(Record set)
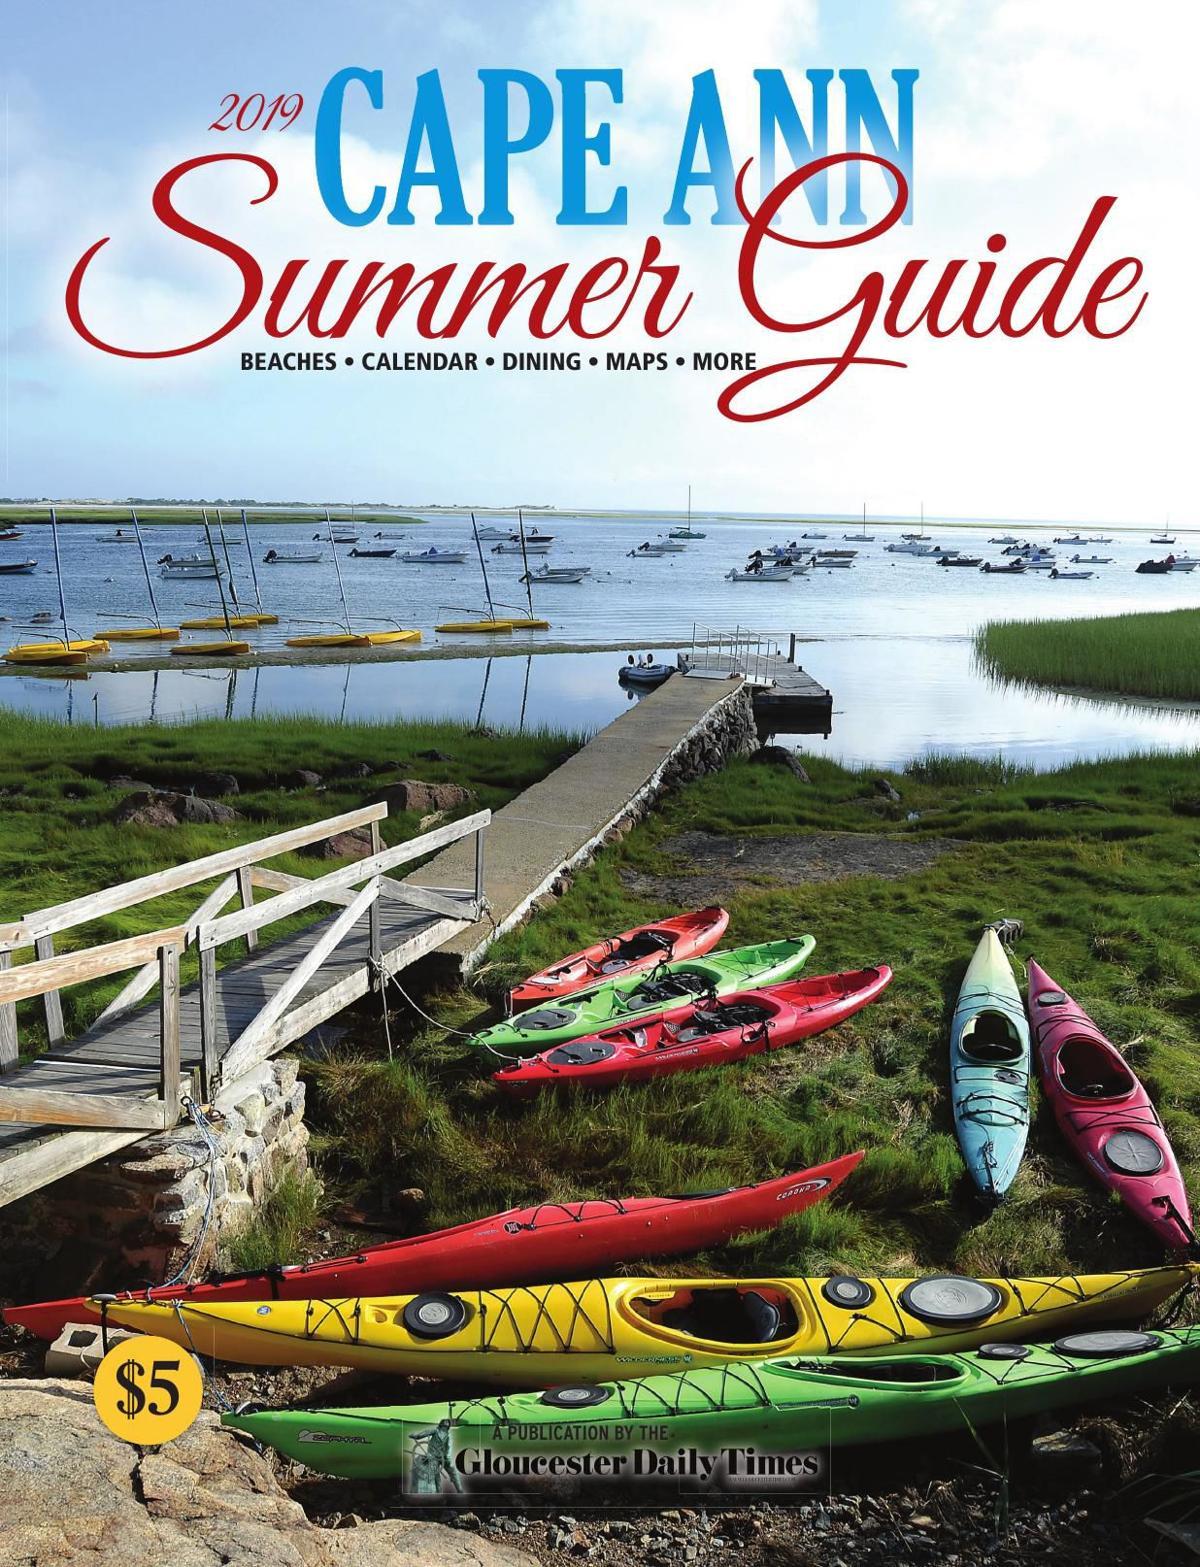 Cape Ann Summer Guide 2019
(End Record set)
(Record set)
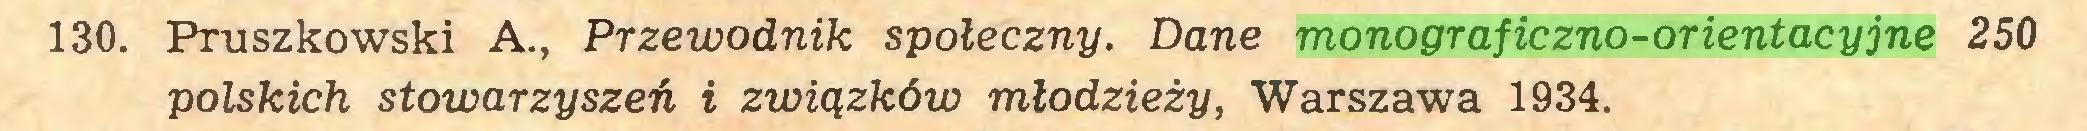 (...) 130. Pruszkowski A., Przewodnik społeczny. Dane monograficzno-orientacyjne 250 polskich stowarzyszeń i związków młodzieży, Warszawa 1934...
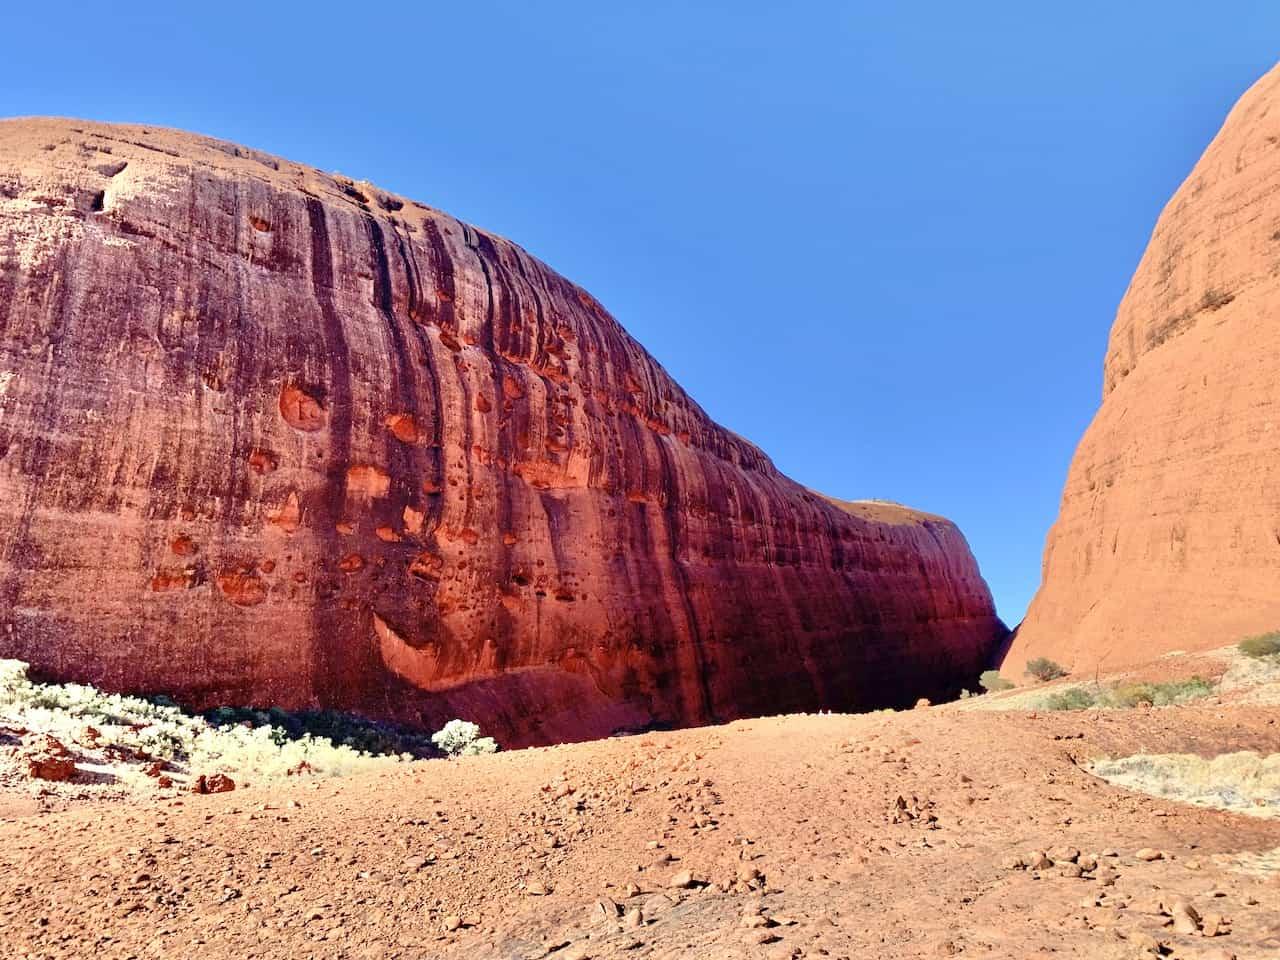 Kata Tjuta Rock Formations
(End Record set)
(Record set)
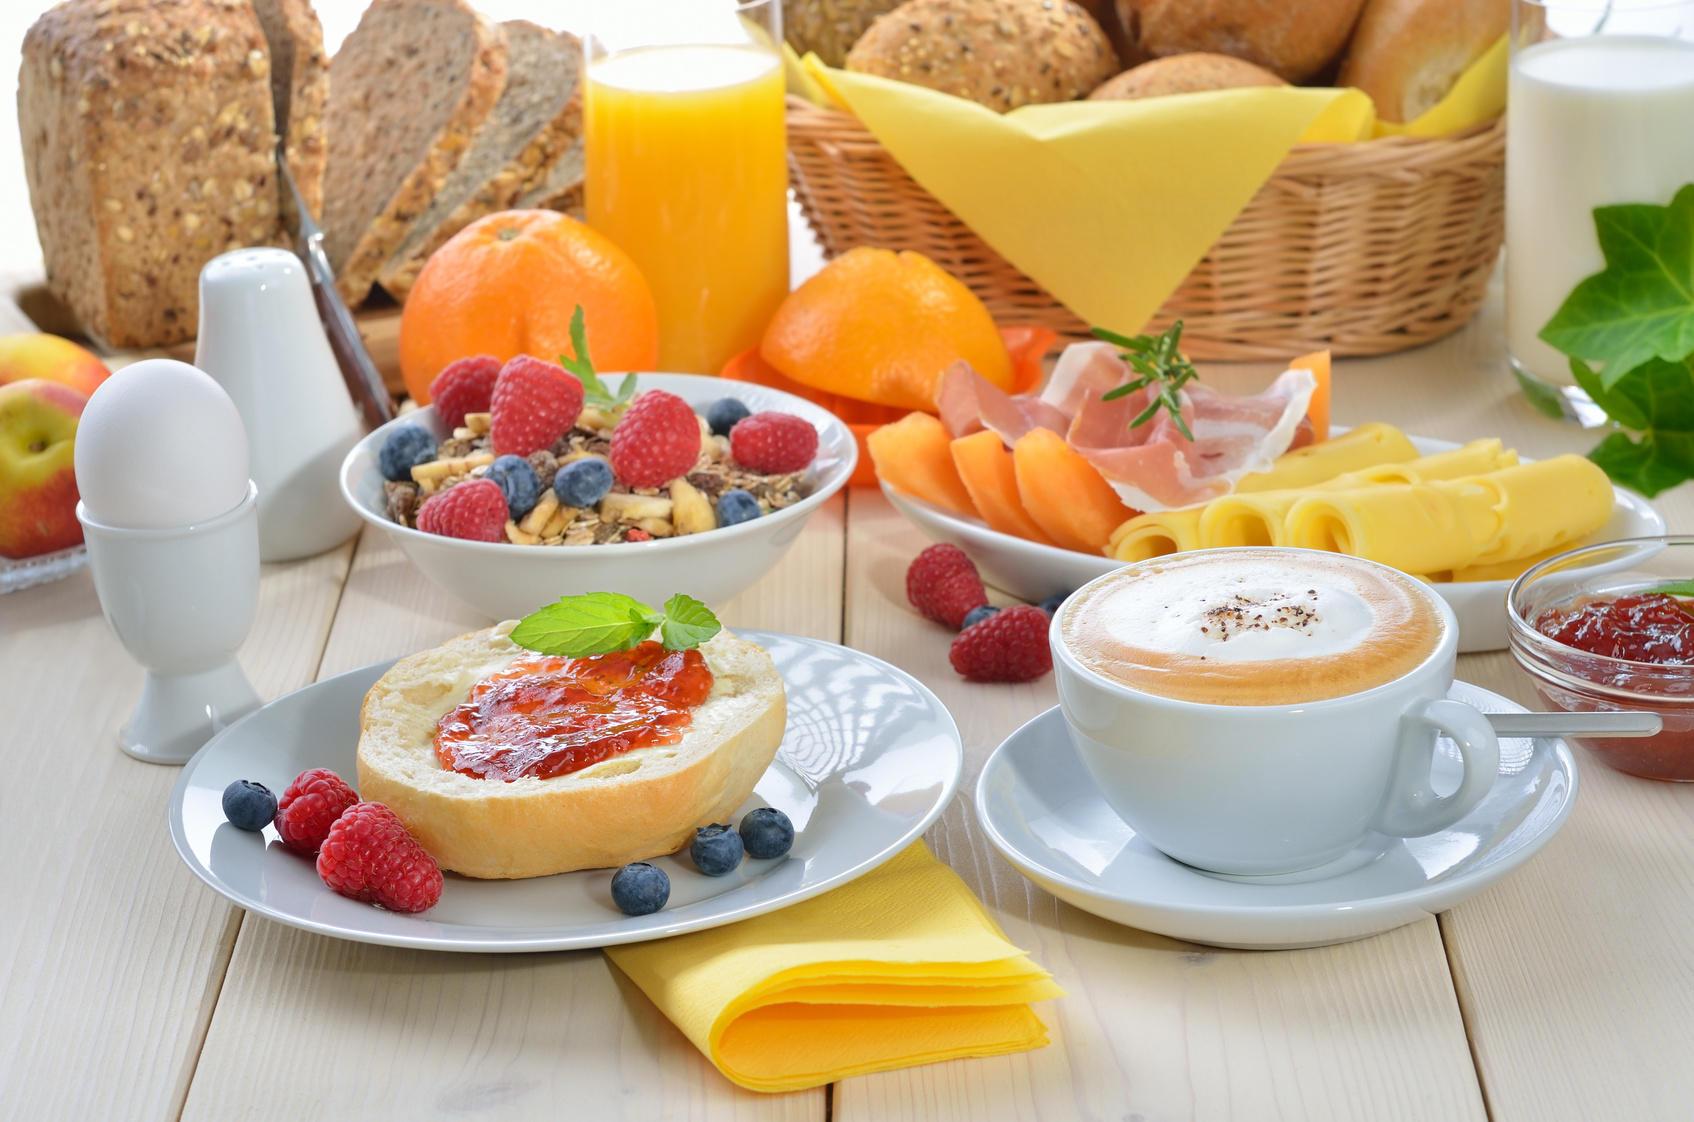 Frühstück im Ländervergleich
(End Record set)
Your instructions = Every line above from the one with "(...) 130. Pruszkowski" down to the one with "Kata Tjuta Rock Formations" must be written out exactly, and no picture may appear.

Result of the exercise =
 (...) 130. Pruszkowski A., Przewodnik społeczny. Dane monograficzno-orientacyjne 250 polskich stowarzyszeń i związków młodzieży, Warszawa 1934...
 Kata Tjuta Rock Formations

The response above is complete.